Doses ingested by subjects: Based on the numerical relationship expressed above (Eq. 1 and 2), equivalent doses taken in the study were found to be 8.57, 12.85 and 17.14 ng kg-1 for 10, 15 and 20 seeds, respectively.
Dose-dependent changes in cardiovascular parameters in normotensives and hypertensives: Figure 1 and Table 1 shows the effect of AM on cardiovascular parameters in normotensives. SBP, DBP, MAP and PP were reduced significantly in all the dosage groups. The reductions were more intense in groups given 8.57 and 12.85 ng kg-1 (10 and 15 seeds) compared to those given 17.14 ng kg-1 dose equivalents (20 seeds). Within each dosage group, SBP was affected more than DBP in both normotensives and hypertensives. The MAP was reduced to a similar degree in 10 and 15 seed groups while it is less in 20 seed group (Table 1). An inverse relationship between changes in Pulse pressure and the number of AM seeds ingested was observed. A similar pattern was observed in the dose-related effects in hypertensive group (Fig. 2 and Table 1). The percentage decrease in the SBP, DBP and HR were compared between the dosage groups in normotensives and hypertensives using a one-way ANOVA. It was observed that apart from the baseline SBP in normotensives, there were no significant differences in other parameters between subgroups in normotensives and hypertensive. This informed the decision to base other statistical analysis on pooled data in both major groups (Fig. 3).
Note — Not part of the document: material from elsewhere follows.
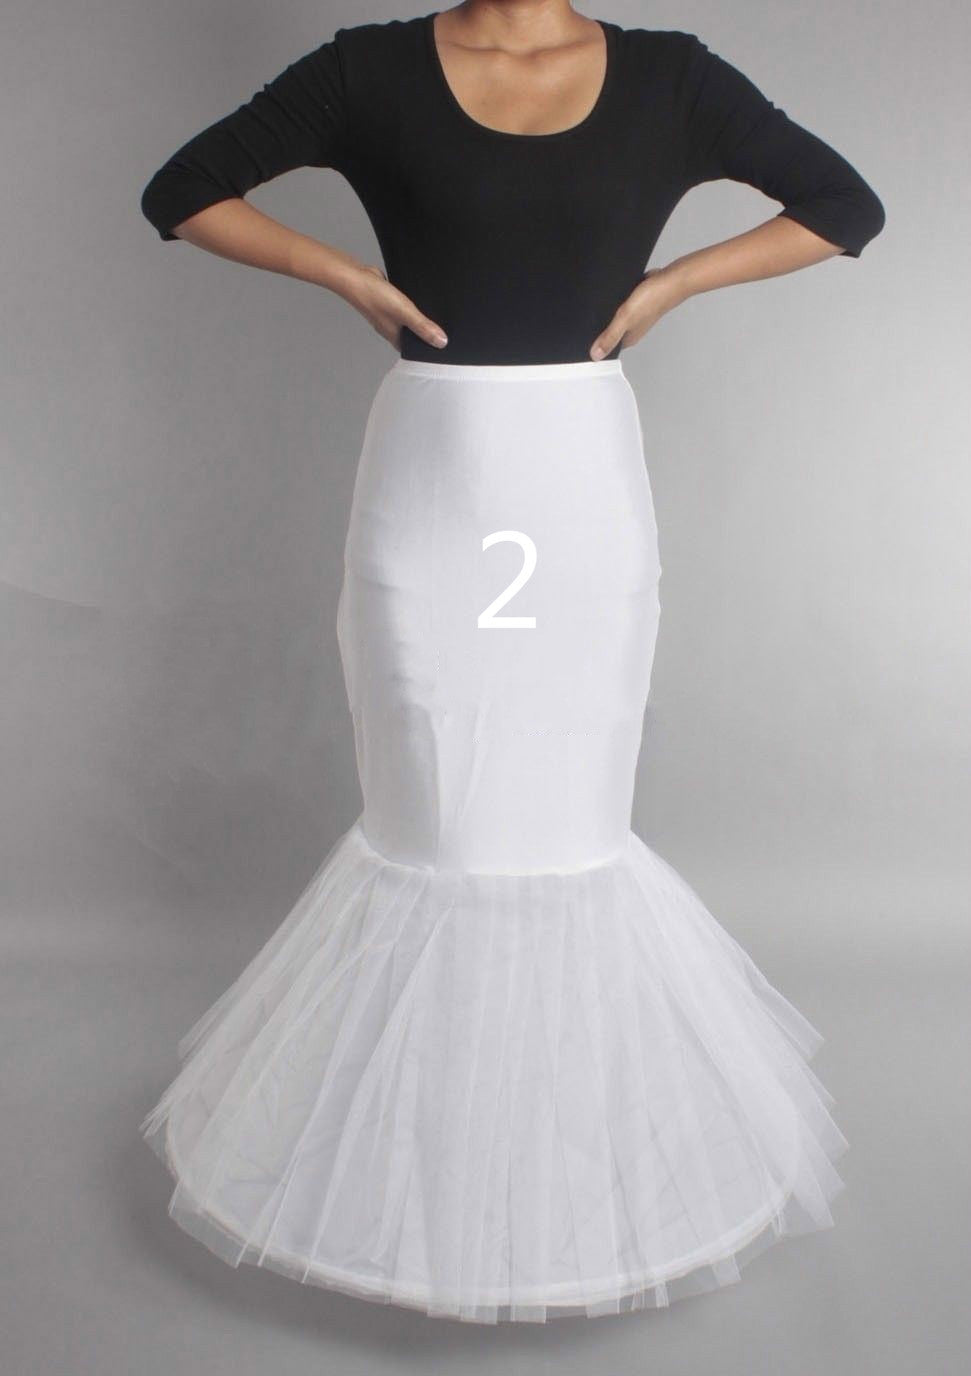 In Store Underskirt Bridal Dress Hoop Slips Wedding Petticoat Crinoline Slip PromB

Effects of AM on systolic, diastolic and mean arterial pressure
Intra-group: Table 2 shows the effects of AM on cardiovascular parameters in pooled data. A reduction of SBP was observed both in normotensive and hypertensive subjects. SBP was reduced significantly in both normotensives (p<0.0001) and hypertensives (p<0.05). This represents 15.2 and 16.3% reduction respectively.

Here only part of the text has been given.